Track similar words of specific column and use the most overlapped word for each line entry

8bastian8 · April 16, 2021, 9:10am

Hello,

I try to track similar words of specific column and use the most overlapped word for each line entry . In the picture below, you can see the specific column called “applicants”. If there are 3 words for example Toyota Motor, Toyota Auto Body Co Ltd (Jp) and Toyota… I like to replace every single line entry with the simple word “Toyota”. This precedure I would like to implement with all other line entries within column “applicants”. Can you help me with this precedure?

Bastian

bruno29a · April 16, 2021, 12:43pm

Hi @8bastian8 , In your example, “CO LTD” could be similar words. Unless when you say “track similar words”, do you mean from left to right, meaning each row of that column that starts with the same word (which in your example would TOYOTA)?

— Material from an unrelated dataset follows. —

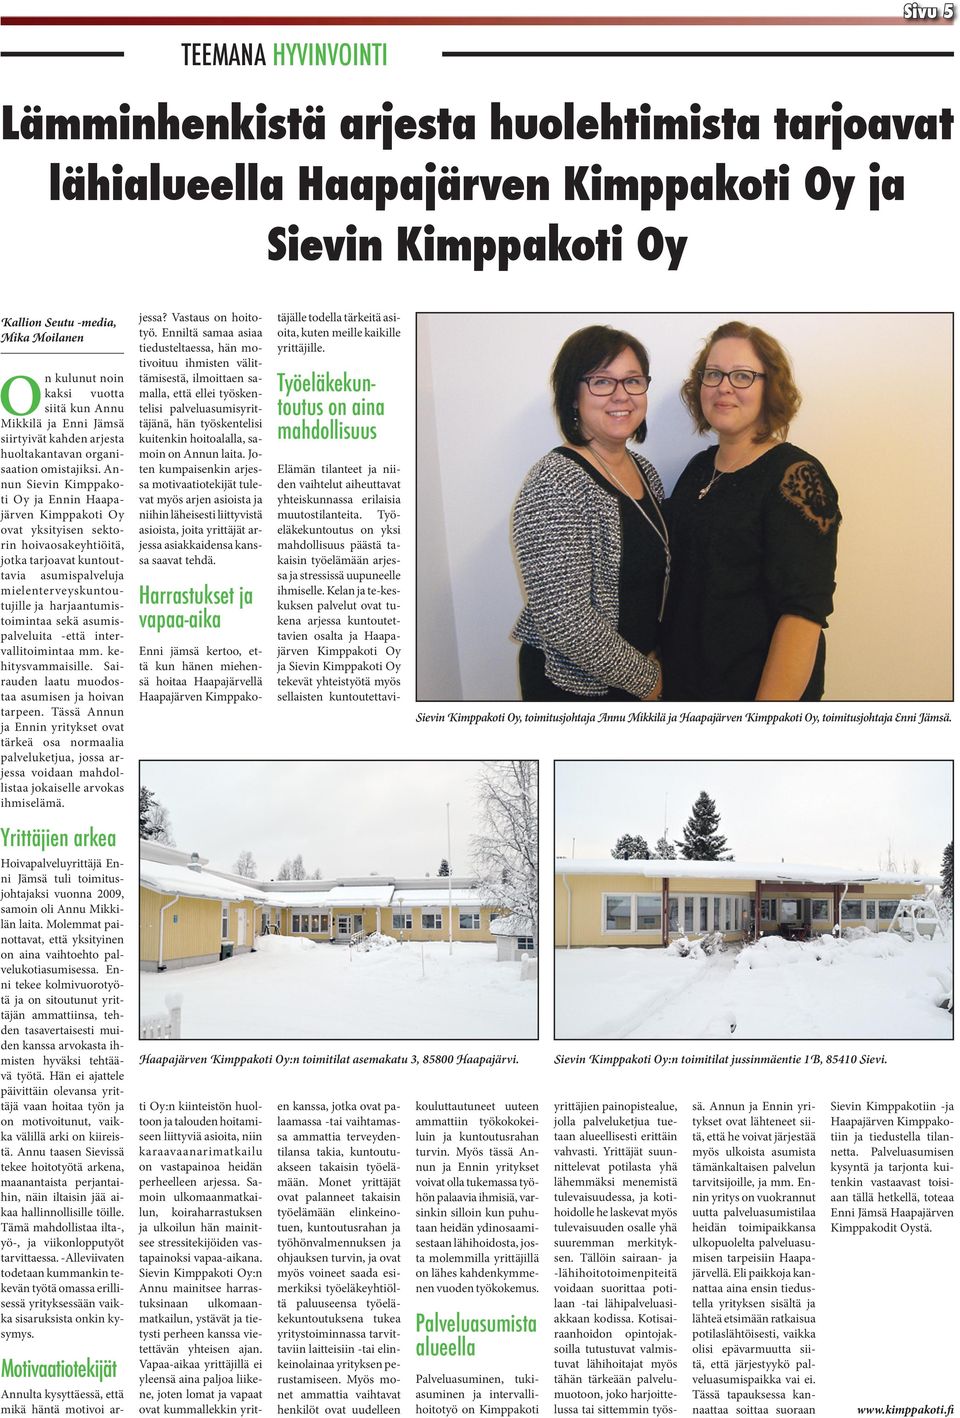 Annun Sievin Kimppakoti Oy ja Ennin Haapajärven Kimppakoti Oy ovat yksityisen sektorin hoivaosakeyhtiöitä, jotka tarjoavat kuntouttavia asumispalveluja mielenterveyskuntoutujille ja

But you mentioned that it could be similar words, in which case, “TOYOTA MOTOR CO LTD” could qualify as result, as well as “TOYOTA MOTOR CO LTD [JP]”.

So, what is the logic to qualify “similar words”? Is it just the first word?

And is a word always separated by a space, or there could be other delimiters?

If it is just the first word and separator is always a space, then you could simply extract the first word of each row in that column.

Can you show us all unique applicants so we can see what type of pattern you are looking for?

8bastian8 · April 16, 2021, 1:34pm

PatentdatenbankNEW.xlsx (35.9 KB)
Hello,
I have looked through the column “Applicants” and It would be make sense If the first two terms within each row should be extracted. Is this possible?

Many thanks for your help. I just attached you the file!

bruno29a · April 16, 2021, 3:11pm

Hi @8bastian8 , it looks like you are adapting some logic on the fly

There’s only 1 case from your list that might be a problem:
COMMISSARIAT ENERGIE ATOMIQUE [FR]
COMMISSARIAT L ÉNERGIE ATOMIQUE ET AUX ÉNERGIES ALTERNATIVES [FR]

The “L ÉNERGIE” from the second one is meant to be “L’ÉNERGIE”, the “L’” meant to be “LA” but in french becomes “L’” because the next word starts with a vowel, and “LA” simply means “THE”.

So, with the logic you are proposing, you will end up with:
COMMISSARIAT ENERGIE
and
COMMISSARIAT L

I would suggesting updating the data for the "COMMISSARIAT L " cases rather than changing the logic of 2 words.

I put something together to retrieve the first 2 words. This is what it looks like:

You really need just the Node 7 there, but the top part was to check what kind of applicants values you have.

Here’s the workflow: Track similar words.knwf (14.3 KB)

8bastian8 · April 16, 2021, 3:54pm

Hello @bruno29a ,
Many thanks for your help. I will consider your solution approach.

The second path you implemented is for the special case “COMMISARIAT ENERGIE”…?

Best regards,
Bastian

bruno29a · April 16, 2021, 5:06pm

Hi @8bastian8 , no, both column expression are the same, they do the same thing. The first path (top one) simply retrieves unique applicants values, to give an idea what will be transformed, and the second path (bottom one) processes the whole dataset.

I did not modify your data as I don’t know what you want to modify. You can either do the modification directly in the excel file, or apply a string manipulation to do a replace.

You can change “COMMISSARIAT L ÉNERGIE” to either:
“COMMISSARIAT ENERGIE” to make it consistent with the other one
or
“COMMISSARIAT LÉNERGIE” which will give you a different record

system · April 23, 2021, 5:07pm

This topic was automatically closed 7 days after the last reply. New replies are no longer allowed.